Democrat Parks Helms, who currently chairs the commission, said that now might not be the time to start basing school funding on a per pupil basis.
"While that might be good in a school system that is stabilized, I don't think it is applicable in a system like this one when we're trying to implement a school choice plan that runs the great risk of resegregating our schools."
That's where the budget debate this spring might become racially charged. A per-pupil funding formula the Republicans want is a more racially neutral strategy that focuses more on how many seats the system needs and less on who sits in them. In contrast, the general philosophy of most of the school board and the Democrats on the county commission is that inner-city schools and those with high percentages of students on free and reduced lunch should be rebuilt or renovated in order to attract better teachers and students of higher income levels. The problem is that since parents can now choose where their kids go to school within a choice zone, many suburban schools have become overflowing trailer farms while many inner city schools, where much of the renovation and new construction money in this fall's bond package was directed, are significantly below capacity and could hold dozens to hundreds more students.

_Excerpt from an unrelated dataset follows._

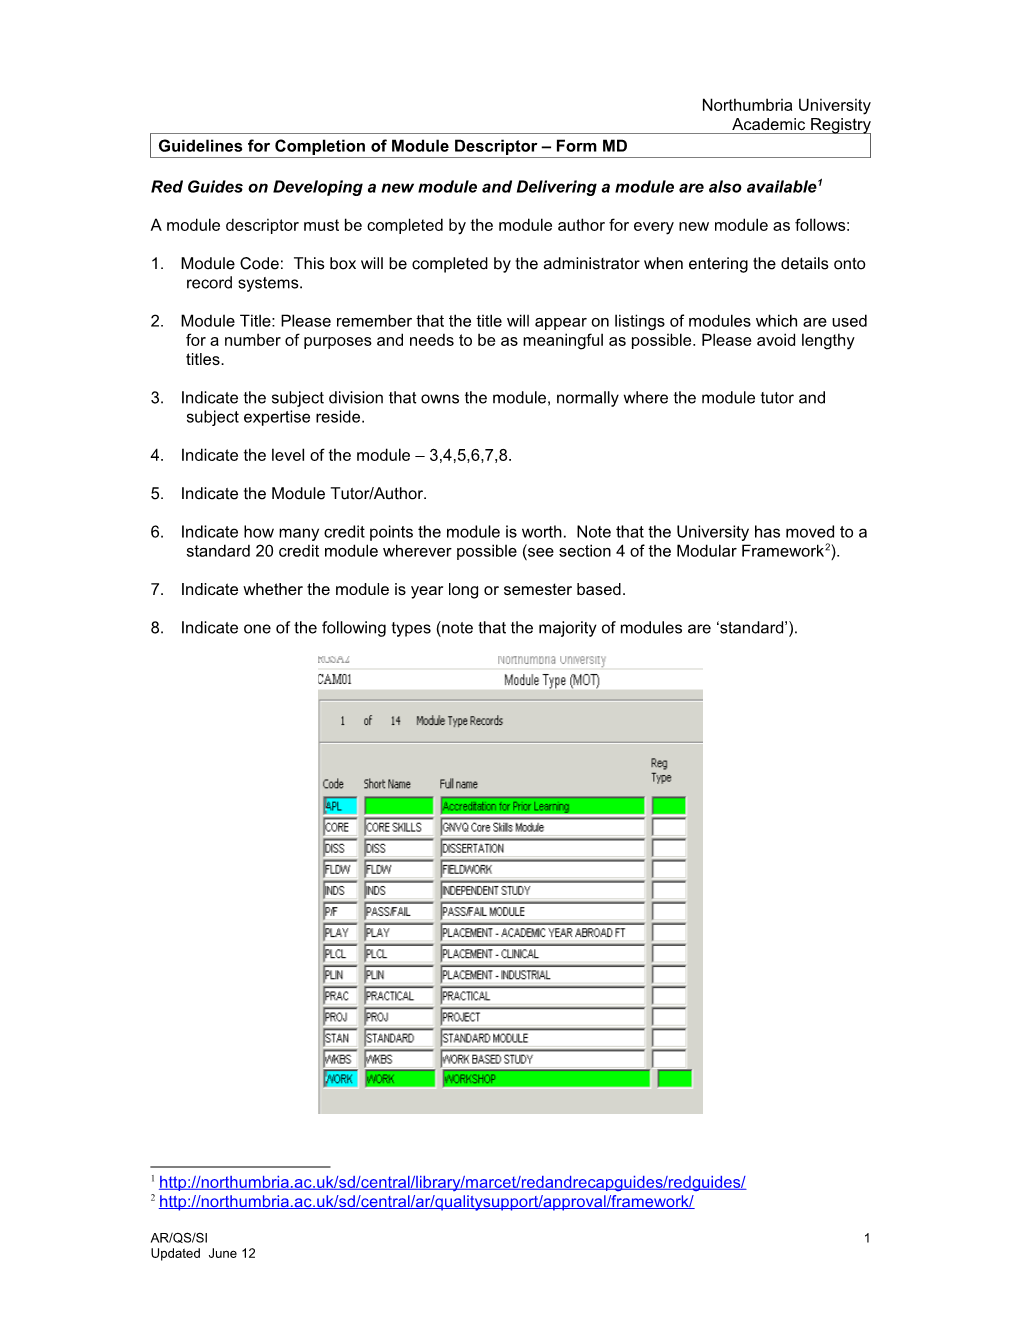 Guidelines for Completion of Module Descriptor Form MD

If none of the above gets the ire of liberal activists up, the tinkering the Republican commissioners plan for the sales and property tax rates will. Earlier this year, Cox voted with the Democrat majority commission led by Helms, to raise the county sales tax by half a cent. To compensate for that, the new Republican-led commission plans to slash the property tax rate by what will likely amount to 11 percent to offset the increase in the sales tax.

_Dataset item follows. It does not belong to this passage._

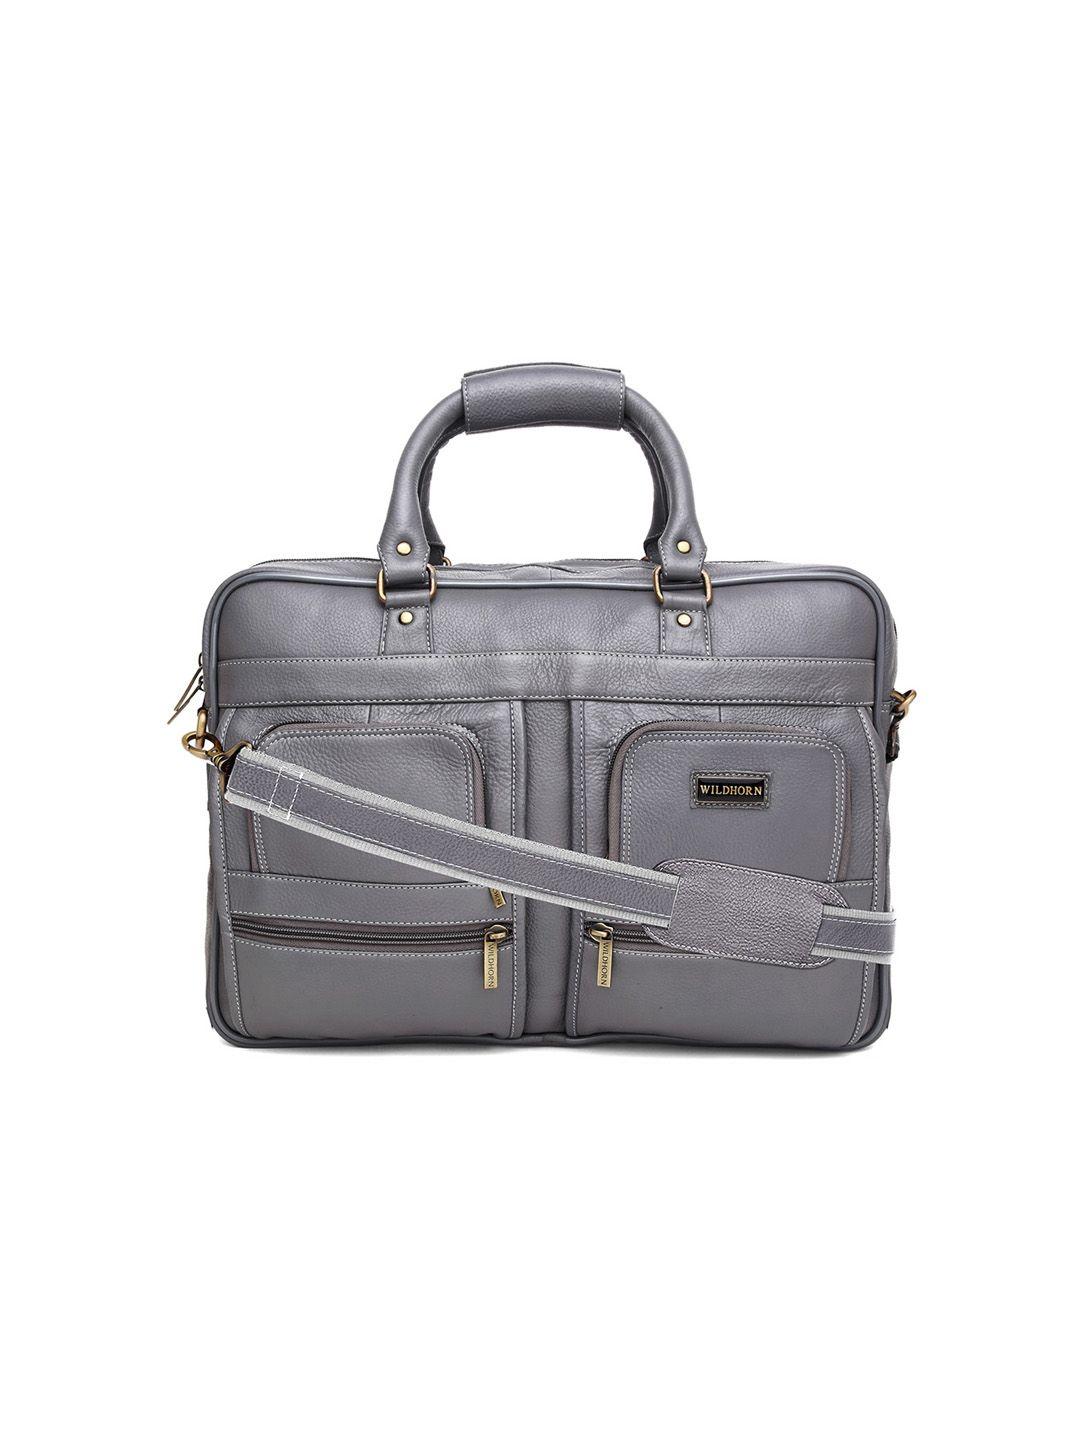 wildhorn men grey textured leather laptop bag

"Sales taxes are more regressive and hurt the poor," said Republican Bill James, who voted against the sales tax increase. "However, that's Parks Helms' problem for insisting it be increased."
Helms, who raised the hackles of some taxpayers who blame him for the large tax increases that he oversaw as chairman of the commission, took a far less combative tone than James.
"This is the Tom Cox agenda and he will have my support to the extent that I believe it to be a responsible and fiscally sound plan," said Helms. "At the same time, I know there are substantial needs in this county that will be even greater in this recessionary period. In North Carolina, one million people live in poverty and 62,000 of those live in Mecklenburg County. It presents a variety of problems that only government can deal with."
Cox says Mecklenburg County hasn't been hit as hard by the recession as other counties, but doesn't dispute that there are a lot of needs on the part of the poor.
"I can agree with Parks on that point, but still not vote for a tax hike," said Cox.